Containing Olive: Restraining a Dog’s Wild Heart and the Plight of Student Nature

I am sitting on my couch preparing to go yell at the dog because she is barking. I sit here thinking maybe today’s the day she finally gets out. I want to share my feelings of constant exasperation and trepidation containing Olive because I think she is helping me understand my growth as an educator.

This is Olive bossing around a Great Dane mainly because she thinks she can.

When we first moved to this house we are presently renting, Ally and I noticed that Olive spent most of her energy running beneath the backyard’s porch. The possibilities of rabbits and the dangers of spiders were too problematic. A trip to Home Depot and some not-so-fancy lumber now lines the porch to only occasionally prevent Olive from the subterranean hunt.

A week later I heard Olive barking outside and I made the trek downstairs to shush her only to find that she was no longer in our yard but in our neighbor’s. We extended our fence upwards and we have blocked off all crevices with cinder blocks. Yes, our fifteen pound beast clears four and five foot fences and can hop onto our counter if the proper morsel entices.

Next, Olive was slowly digging her way out of the front of the yard. More cinder blocks were purchased to line yet another fence.

One day I was sitting on the couch writing, much as I am now, when my phone rang and a woman’s voice asked if I had a dog named Olive.

“Uh, yeah, is there a problem?”

“No, no problem, she’s here with me.”

And that’s when I found out that the gate in our backyard had been jostled open. And the purchase of a MasterLock was added to the tally of costs required to contain Olive.

It’s not that Olive is unhappy here. I re-read this opening description and realize it sounds like maybe I’m a less-than-stellar dog owner and Olive is trying to get away. That’s not it. Olive’s nature drives her to do this. It is who she is.

Olive is a hunter and a jumper and a digger. This is how she learns. When she hears danger: dogs fighting, cars honking, people yelling, Olive runs towards the origin. There is no flight for Olive, only fight. Actually, let me clarify, there is only flight when Olive senses she is being chased. Because her favorite game aside from “Get Out of Captivity and Explore” is “Stay Just Out Of Reach of My Pursuers.”

What efforts and folly have I invested in containing this spirit that wants to run freely and recklessly for rabbits and birds and elusive fun? I think of that line: “blame it on my wild heart.” Olive needing to escape is irreparable because it’s not something that’s “broken” to begin with. And then I think about how much bending and repartitioning and locking and proverbial cinder-blocking we focus on within schools. It makes me worried that something like the achievement gap isn’t broken; it is inherent in how we have programmed the conglomeration of schools and geography and sociopolitical contexts of learning.
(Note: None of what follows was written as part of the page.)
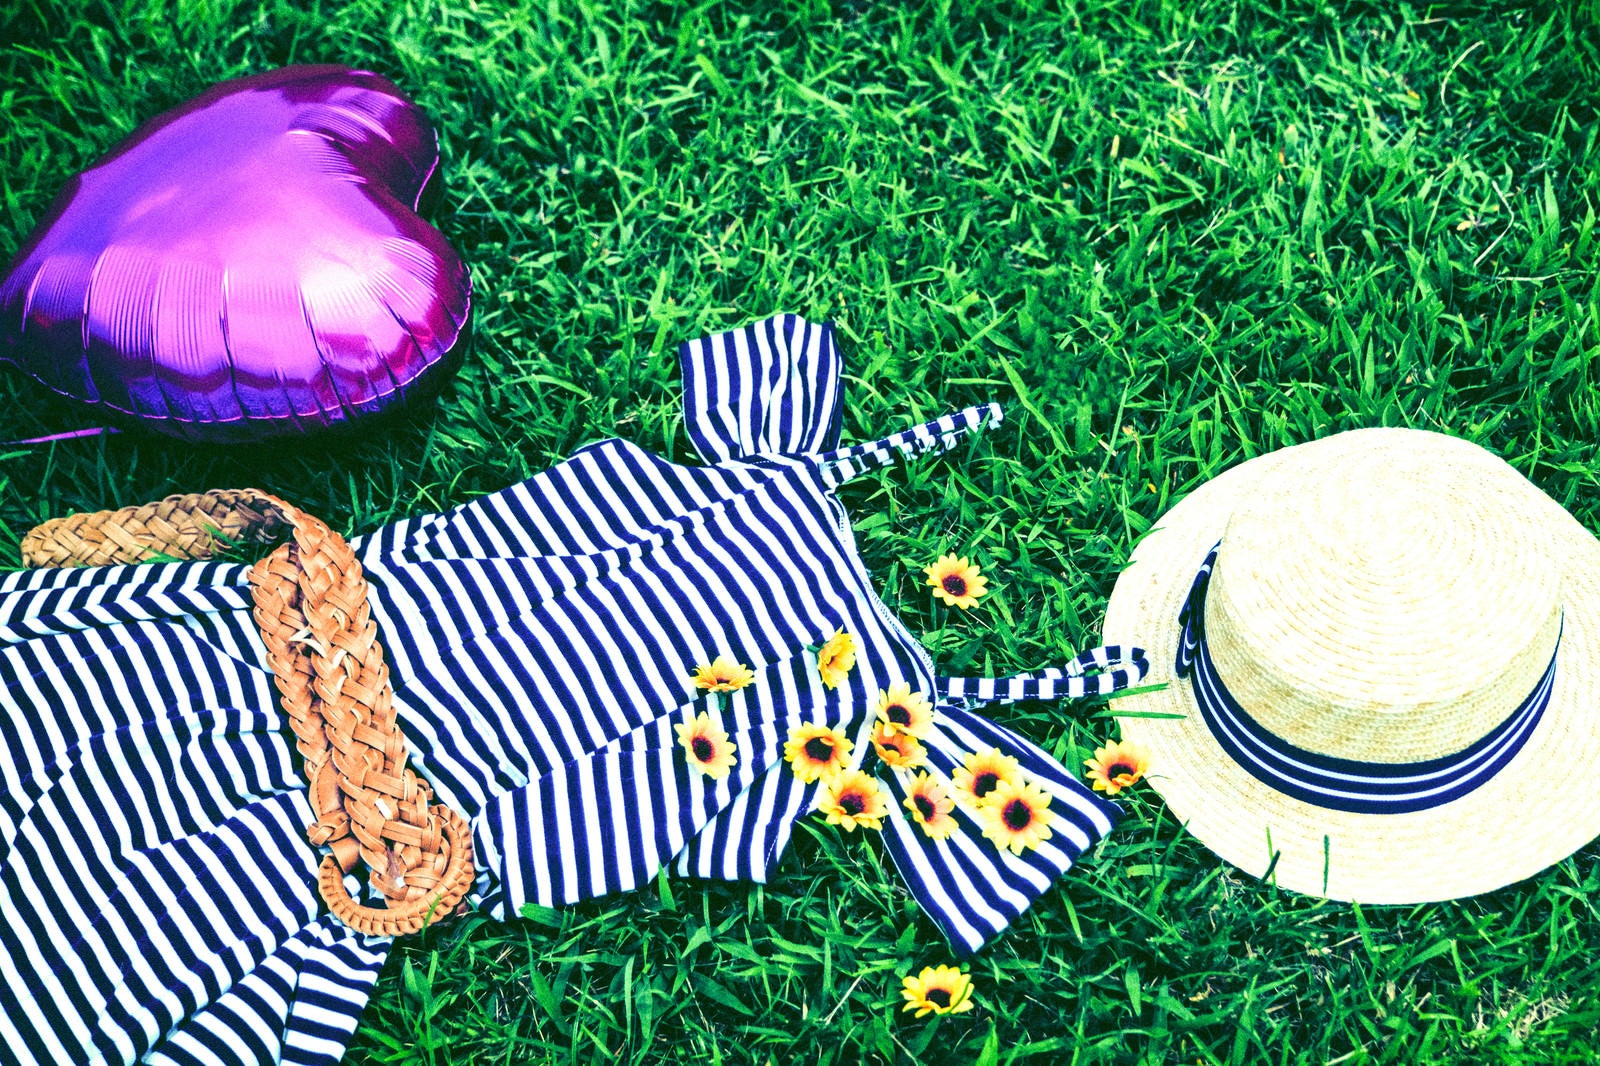 「麦わら帽子と女子の夏服」の写真

And I think about a student, David, from my first year of teaching. The first student I felt like I truly failed to connect with and then failed to keep track of once he dropped out. I felt like I couldn’t contain David within the walls of school and the meticulously crafted curriculum I was staying up late to develop. I remember using my conference period to cross the street to the gas station where I knew I would find David loitering and talking to him about why he was missed in class. I remember figuring out the phone number for the pay phone next to where David loitered and then calling that number when he wasn’t in class. And then having him hang up when he realized his English teacher was hounding him at a pay phone. And then having his name dropped from my and the school’s roster shortly after.

Not that what I was doing that first year was what I would call “highly effective” but I also felt like, as a schooling system, we were trying to contain and control a student like David in ways that were inevitably going to fail.

Last week, I spent forty minutes outside of a dog park trying to wrangle Olive back into human captivity.  She saw a squirrel and decided that it was way more interesting than any of the mutts she was stuck with and, on her second try, cleared the dog park fence and was free.

And then the next day, personifying Einstein’s definition of insanity, Ally and I took Olive back to the same dog park. Upon seeing another squirrel, Olive did the same thing again.

I understand Olive’s nature. It irks me to no end. It challenges me and I realize that my efforts to thwart Olive’s escape attempts are efforts to make her behavior conform to my own. It is convenient for me to have her stay in our backyard (and highly, highly inconvenient to have her running freely). When working with youth in classrooms, such calls for convenience and “domestication” are much more problematic. How have others worked toward dismantling the blocks and locks and timber that are set in place to restrain student nature?